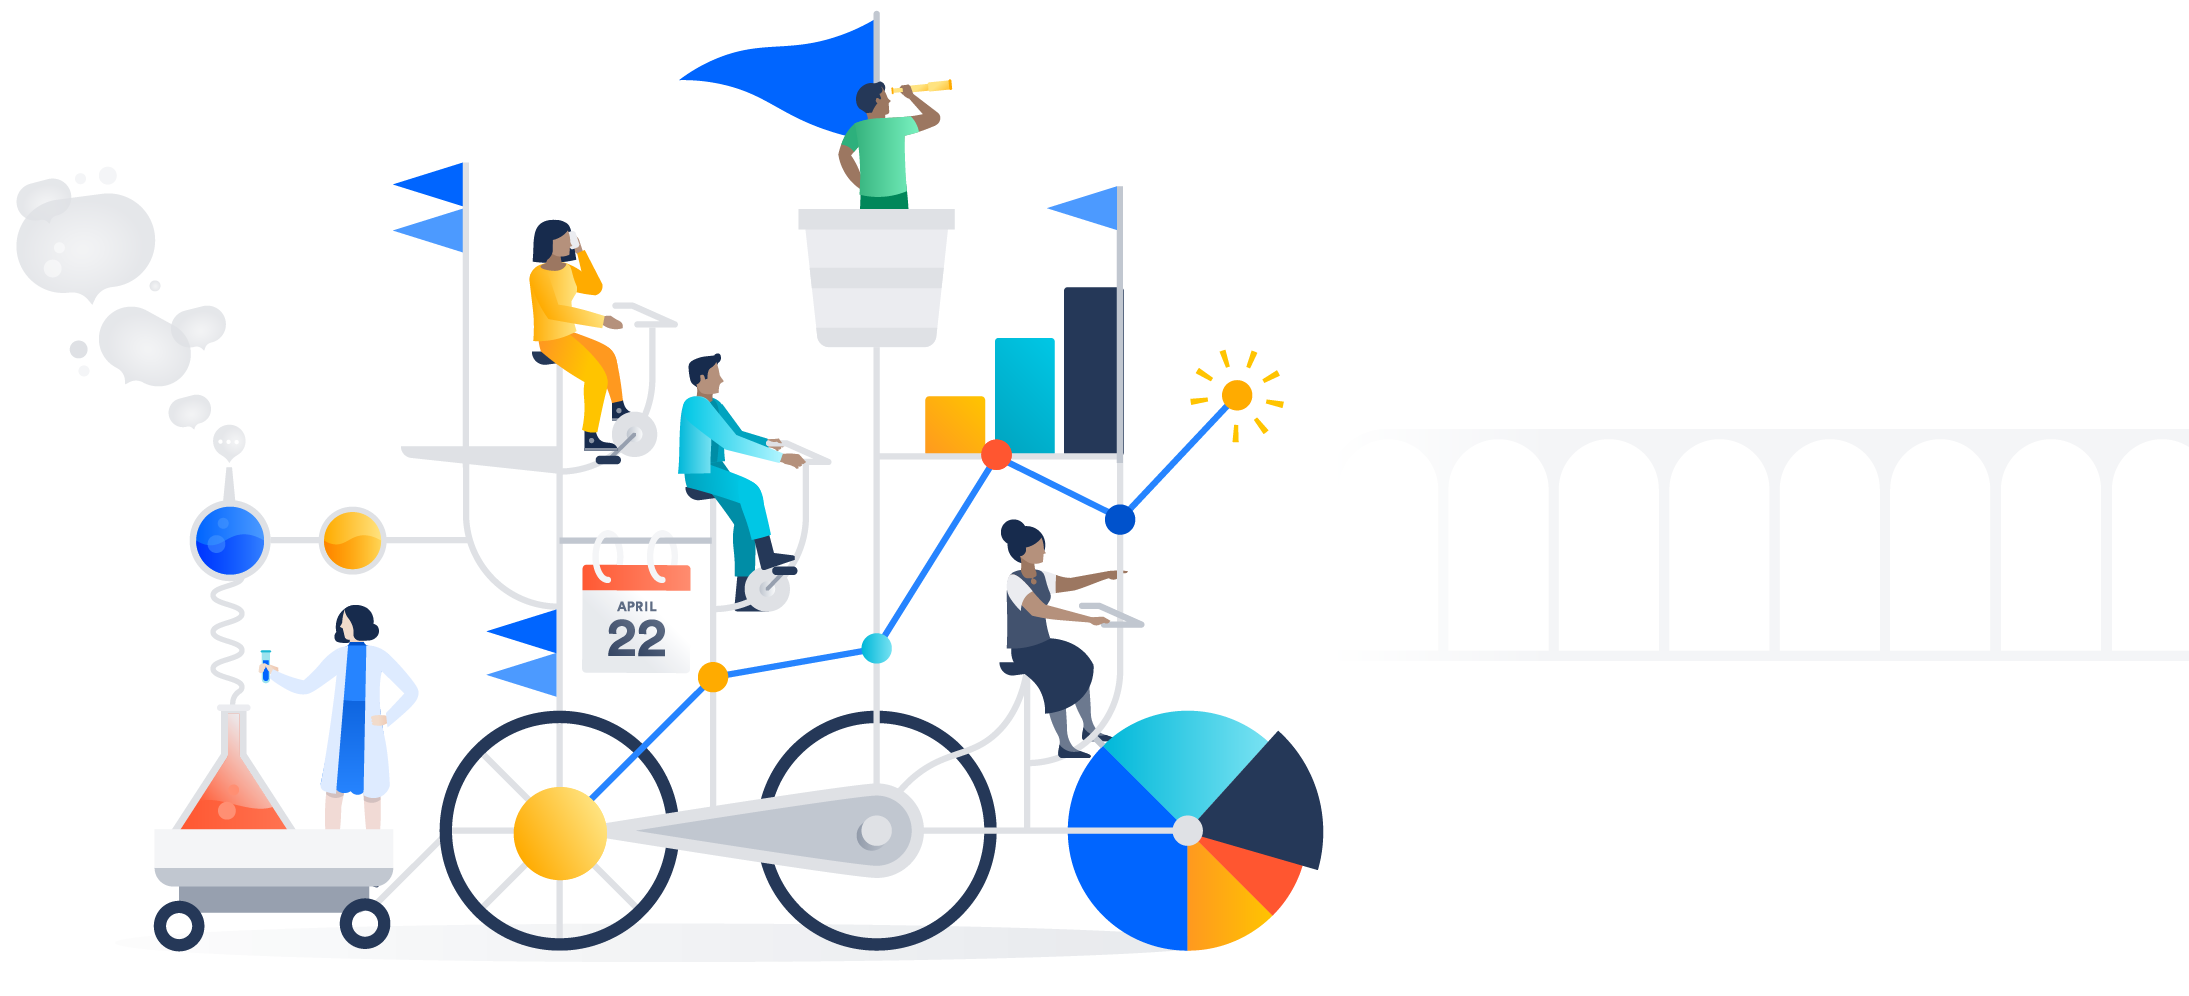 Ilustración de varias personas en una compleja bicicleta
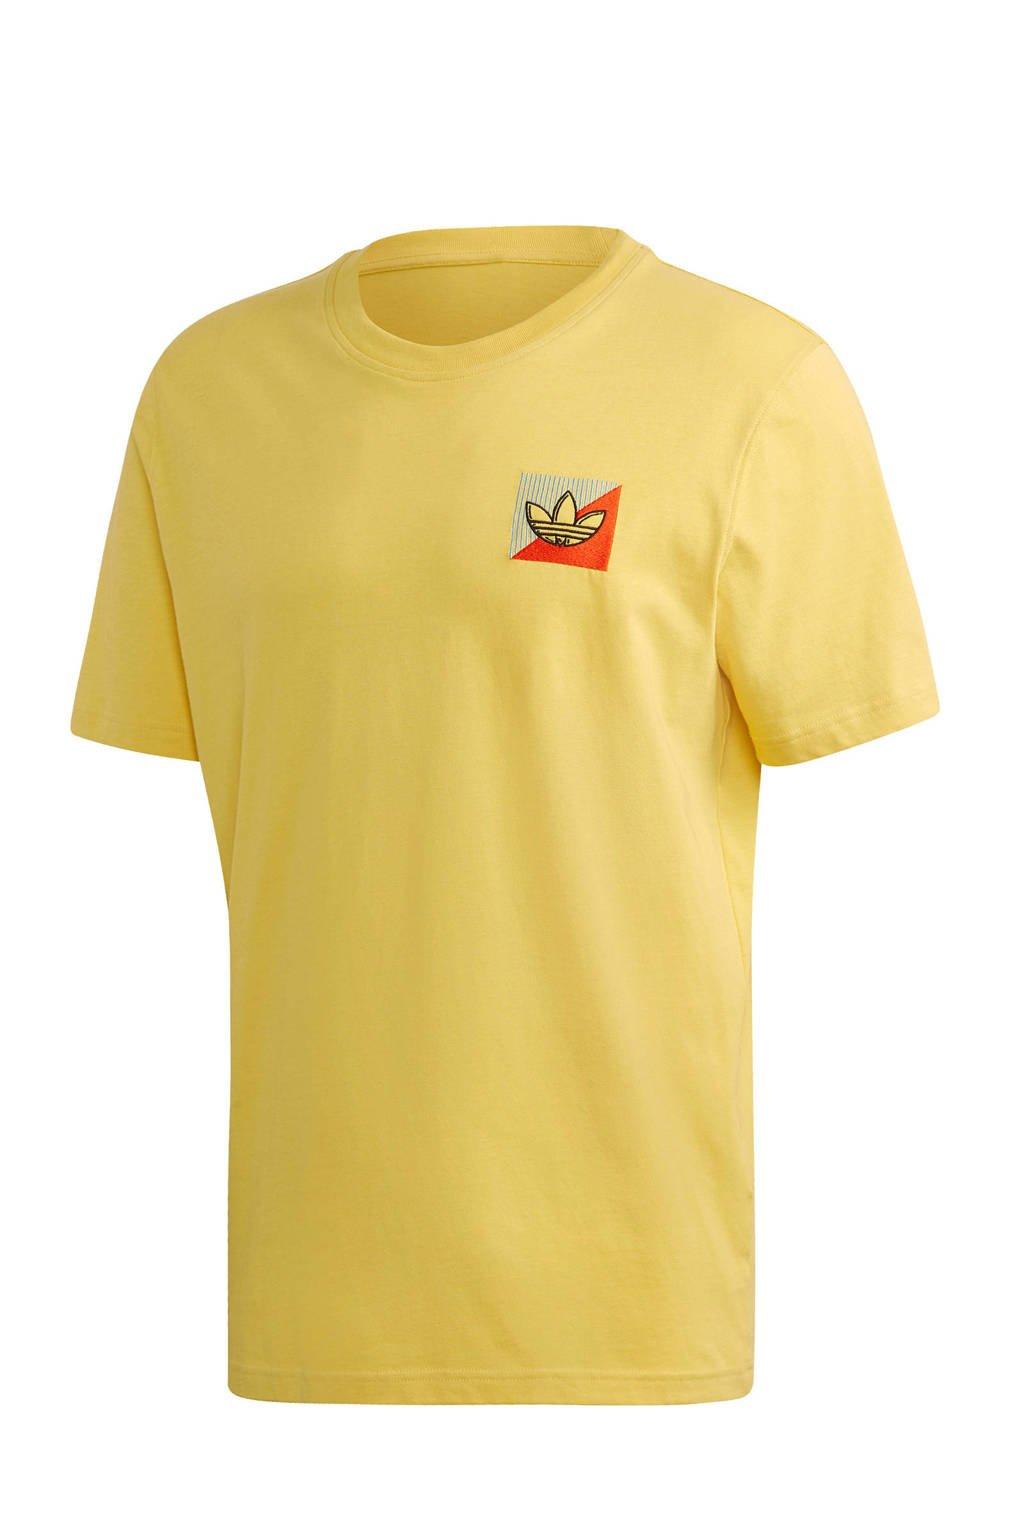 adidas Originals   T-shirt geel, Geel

_____

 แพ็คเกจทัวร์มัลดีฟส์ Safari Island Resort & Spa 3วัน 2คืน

_____

# Work instructions
What do the entries above read from the line containing "Ilustración de varias" through the line containing "T-shirt geel, Geel"? Output those lines exactly, both ends included, with the pictures left out.

# Written response
 Ilustración de varias personas en una compleja bicicleta
 adidas Originals   T-shirt geel, Geel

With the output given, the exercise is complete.